Observen la respuesta de Ezra. Rasgó su vestido, se arrancó cabello de la cabeza y de la barba, y se sentó atónito hasta el sacrificio de la tarde. Luego se puso de rodillas, extendió sus manos, y oró: "Dios mío, confuso y avergonzado estoy para levantar, oh Dios mío, mi rostro a ti." Observen que se colocó entre los culpables: "nuestras iniquidades se han multiplicado sobre nuestra cabeza." Confesó que Dios los había castigado "menos de lo que merecen nuestras iniquidades", y sin embargo había extendido misericordia ante los ojos de los reyes de Persia, dejándoles un remanente y una "estaca en su lugar santo." Preguntó: "¿Volveremos a quebrantar tus mandamientos?"
Mientras Ezra oraba, lloraba y se postraba, se reunió una gran congregación de hombres, mujeres y niños, "porque el pueblo lloraba con gran llanto." La contrición de un solo hombre movió a toda la nación. Siguieron su ejemplo, se inclinaron, y dijeron: "Hemos pecado contra nuestro Dios... mas aún hay esperanza para Israel sobre esto." Se comprometieron a apartar a las mujeres extranjeras, haciendo quizás lo más difícil imaginable — separarse de esposas e hijos que habían tomado en desobediencia.
Ahora entiendan: esto no es una prescripción para que abandonemos a un cónyuge incrédulo. El principio es que debemos estar dispuestos a cortar cualquier cosa inmunda que esté adherida a nosotros, tal como Jesús dijo que nuestro amor por las cosas de este mundo debe parecer odio comparado con nuestro amor por Él. El capítulo 10 enumera a los líderes y jefes que habían tomado mujeres extranjeras — y cada uno de ellos estuvo dispuesto a cortar lo que era inmundo. Por eso, la tierra fue reformada y Dios protegió a su pueblo, aunque el muro no se construiría hasta cincuenta años después, como veremos en Nehemías. Construyeron el templo sin protección porque Dios mismo era su protección.
El patrón de restauración en nuestras vidas
El libro de Ezra nos muestra la obra de Dios en la restauración con tanta claridad. Él sacó a su pueblo del cautiverio, tal como nos ha sacado a nosotros del cautiverio del mundo y del pecado a una nueva vida — con tanto tristeza como gozo, la tristeza por los años que se comió la langosta y el gozo de ver a Dios hacer una obra nueva.

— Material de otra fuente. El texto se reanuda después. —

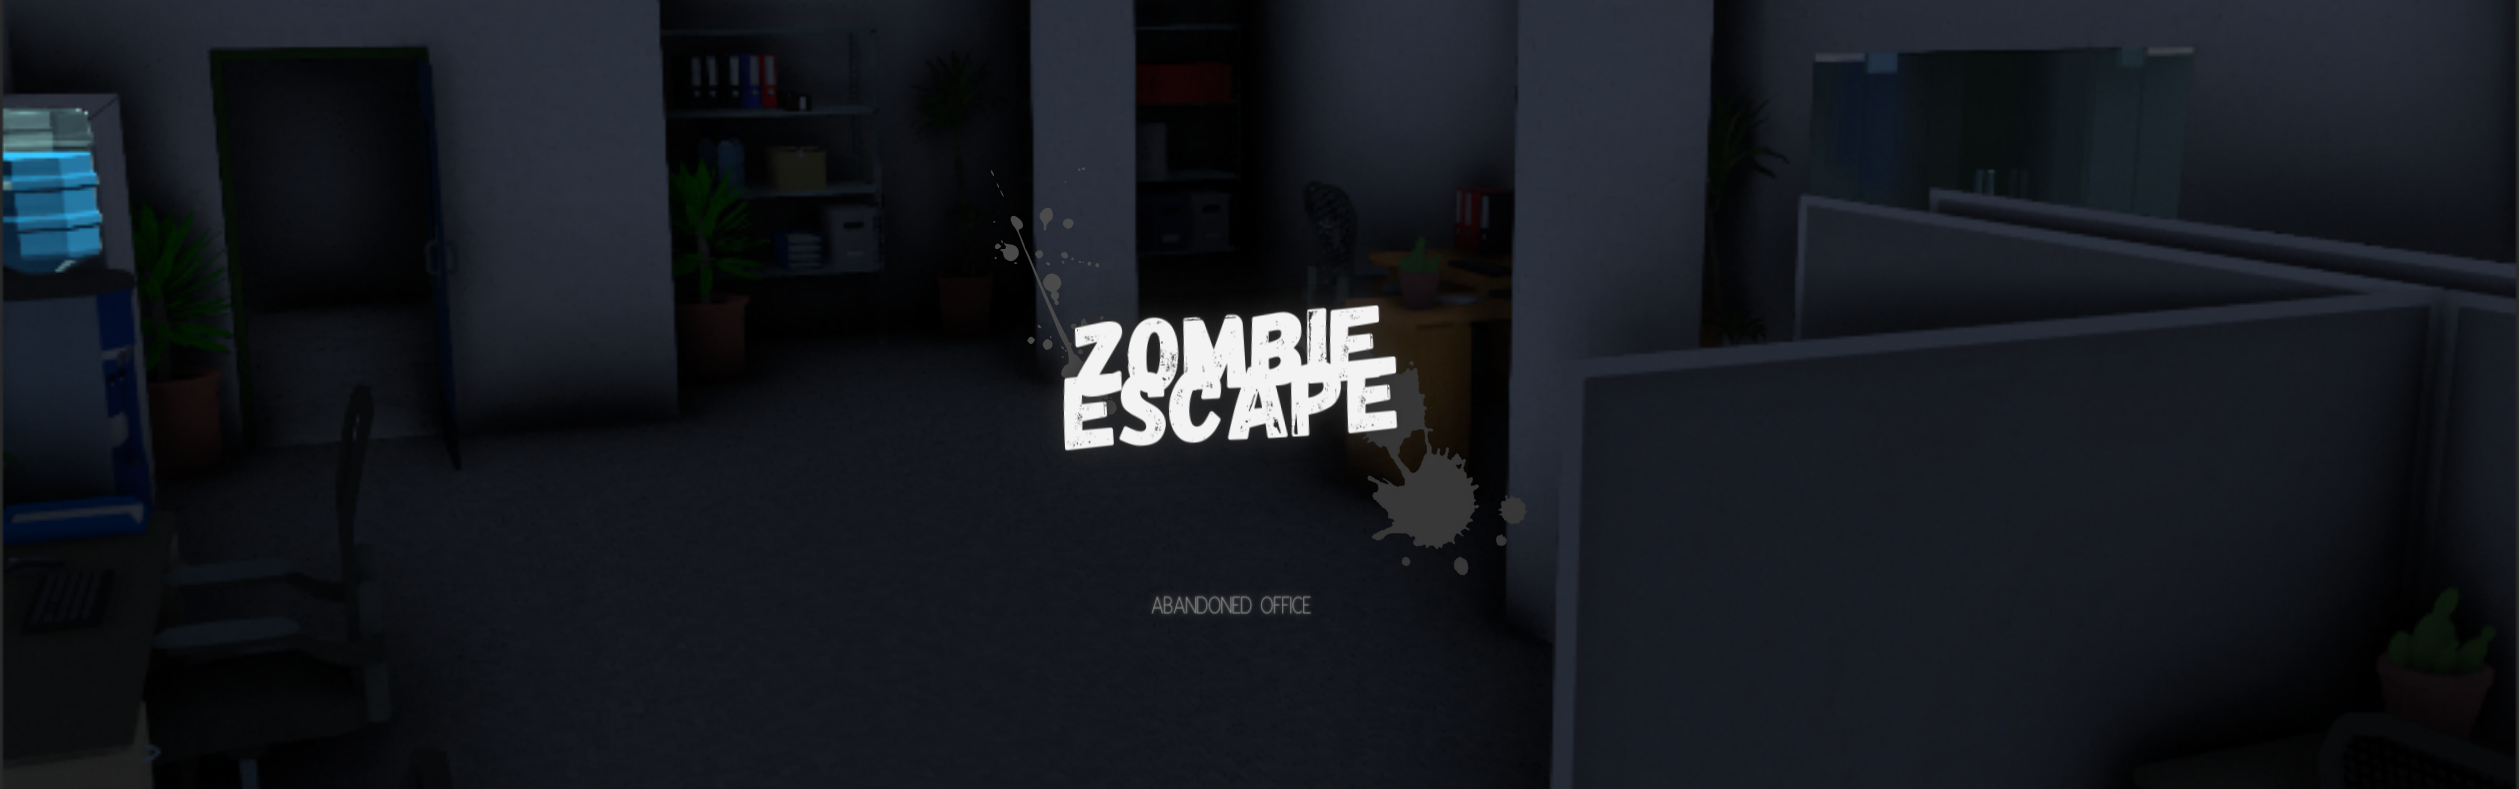 Zombie Escape - Abandoned Office - Early Access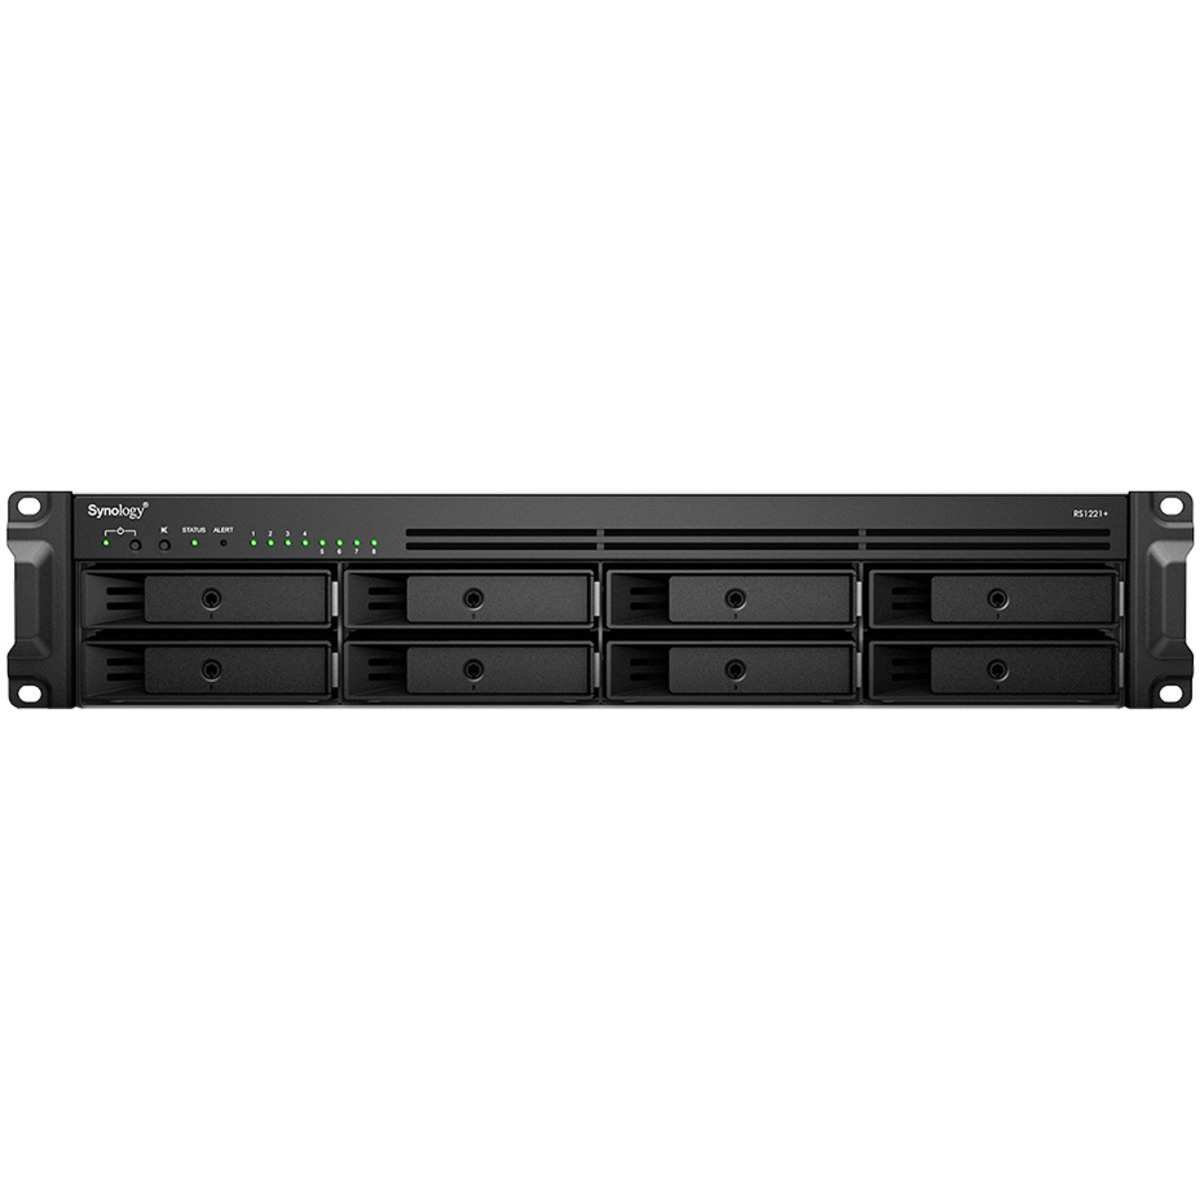 Synology RackStation RS1221+ 140tb 8-Bay RackMount Multimedia / Power User / Business NAS - Network Attached Storage Device 7x20tb Western Digital Red Pro WD201KFGX 3.5 7200rpm SATA 6Gb/s HDD NAS Class Drives Installed - Burn-In Tested RackStation RS1221+

Y al entrar en la tierra que Él nos ha dado, lo primero que Él quiere es reestablecer la adoración. Si quieres ver a Dios obrar en tu vida — edificándote, protegiéndote — debes adorar y alabar al Señor. Comienza en el lugar de la adoración, tal como sucedió con Abraham cuando salió de Babilonia. ¿Por qué? Porque en la actitud de adoración y alabanza reconocemos que Dios es más grande que nosotros y merece estar en el trono de nuestras vidas.
Oración final
Dios, te doy gracias por este libro. Te pido que nos ayudes a llevarnos aplicaciones — cosas que podamos tomar a pecho y por las cuales seamos transformados — pues cada uno de nosotros está en este lugar de restauración y reforma, donde tú estás restaurando nuestras vidas a la relación que deseas tener con nosotros y reformándonos para que podamos estar limpios desde dentro. Te agradecemos, Padre, que así como Ezra, al venir ante ti confesando nuestros pecados, tú eres fiel y justo para perdonarnos y limpiarnos de toda injusticia. Ayúdanos a ser como Jerusalén en este tiempo — una ciudad puesta sobre un monte, una ciudad que no tenía muro porque tú la protegías, pero que tenía la adoración del único Dios verdadero. Te agradecemos que tú eres nuestro escudo, nuestro galardón sobremanera grande, y te pedimos que continúes renovándonos y transformándonos. Oramos en el nombre de Jesús. Amén.
Traducción al español asistida por IA. El texto bíblico citado es Reina-Valera 1960 (RVR1960).